Nevertheless, the results of our study may have some implications for clinical practice. First, the higher risk of VTE events in the early phase after recovery underlines the need to establish an optimal antithrombotic regimen to minimize the risk of thromboembolic events in these patients. In this regard, recent publications have proposed different therapeutic and prophylactic regimens, but the optimal therapeutic strategies have not yet identified. Available data evidence that thromboprophylaxis [36, 37] has no role in reducing the hospitalization rate or death in COVID-19 outpatients, although anticoagulant treatment improves the patient’s outcome after hospitalisation [9]. Second, it appears that the risk of VTE events me ay not just limited to the acute phase of COVID-19 infection but also extend to the early phase after recovery.
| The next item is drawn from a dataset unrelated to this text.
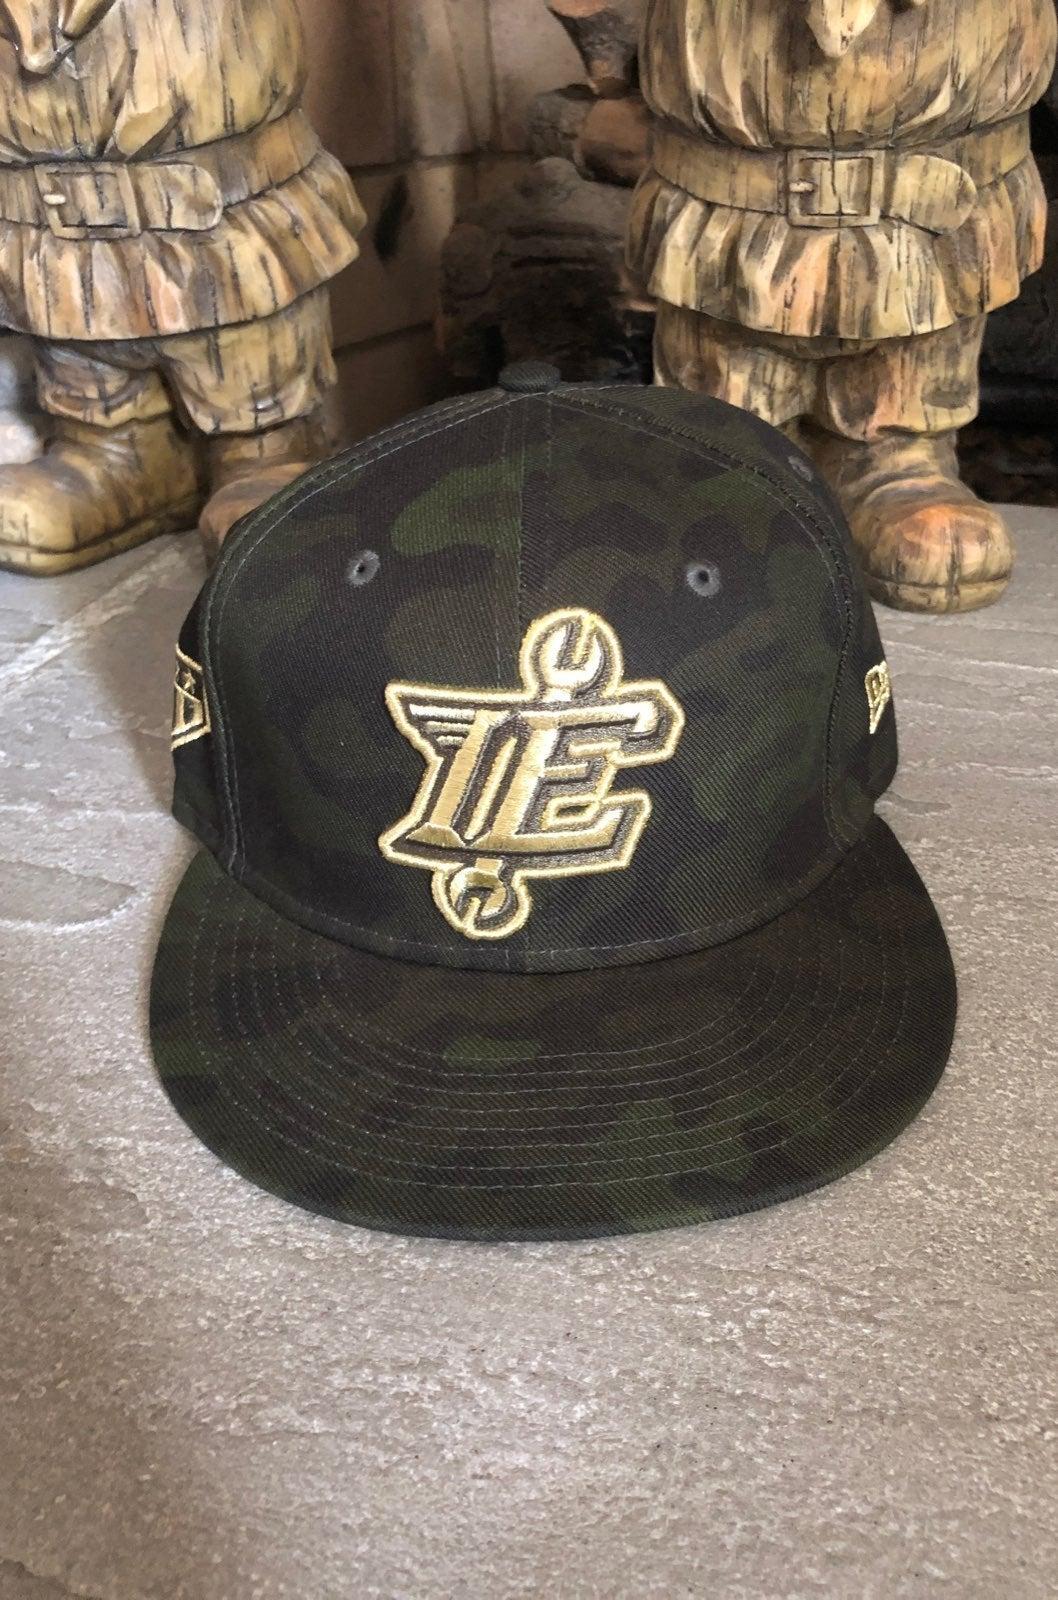 IE 66ers milb camo military new era hat

However, the contribution derived from local “immunothrombosis” triggered by the SARS-CoV-2 infection and the traditional VTE risk factors remained to be established. Finally, the main strength of our study is the analysis of large, unselected cohorts, which reduced the risks of selection and attrition bias that might occur in more traditional cohort studies.

Limitations

Our study has several limitations related to the observational nature of the studies reviewed and their own limitations with all inherited bias. Potential underestimation could derive from detection bias considering that patients were not systematically screened for PE or DVT and per se, these conditions may be clinically silent. Moreover, sampling bias by the competing risk of death may also have led to underestimation of the real cumulative incidence of thromboembolic events. Furthermore, our data must be carefully interpreted considering that the reviewed studies mainly based their search strategy on the revision of hospital admission and screening of ICD-10 codes in the long-term period. In this perspective, only highly symptomatic events could have been captured. we could not assess if an adequate prophylactic anticoagulation was consistently administered in each study because these data were not provided in the reviewed investigations. Large administrative data provide multiple advantages, being readily available and able to provide large samples of unselected patients over extended periods; however, the utility of such data largely depends on their accuracy and reliability. We can neither exclude that geographical differences for the quality of care may have influenced our findings nor that the real impact of VTE events after COVID-19 was underestimated, especially during the early phase of the pandemic. Moreover, reviewed studies did not provide data regarding the severity of COVID-19 infection, not even using indirect measures, such as the need for intensive care treatment. Similarly, no data regarding the vaccination status of patients enrolled as Well as information on variants of the SARS-CoV-2 virus were provided, limiting the possibility to conduct further sub-analyses. Finally, as our analysis was based on death certificate data and relative ICD-10 codes, we cannot exclude that miscoding may have biased our results.

Conclusion

During the first months after COVID-19 infection, recovered patients have a higher risk of VTE events compared to subjects from the general population, which increase with aging and among females. The highest risk was observed for acute PE. Due to the absence of systematic screening for thromboembolic events in most studies, these data possibly represent the lowest estimate of what one would expect in this patient group.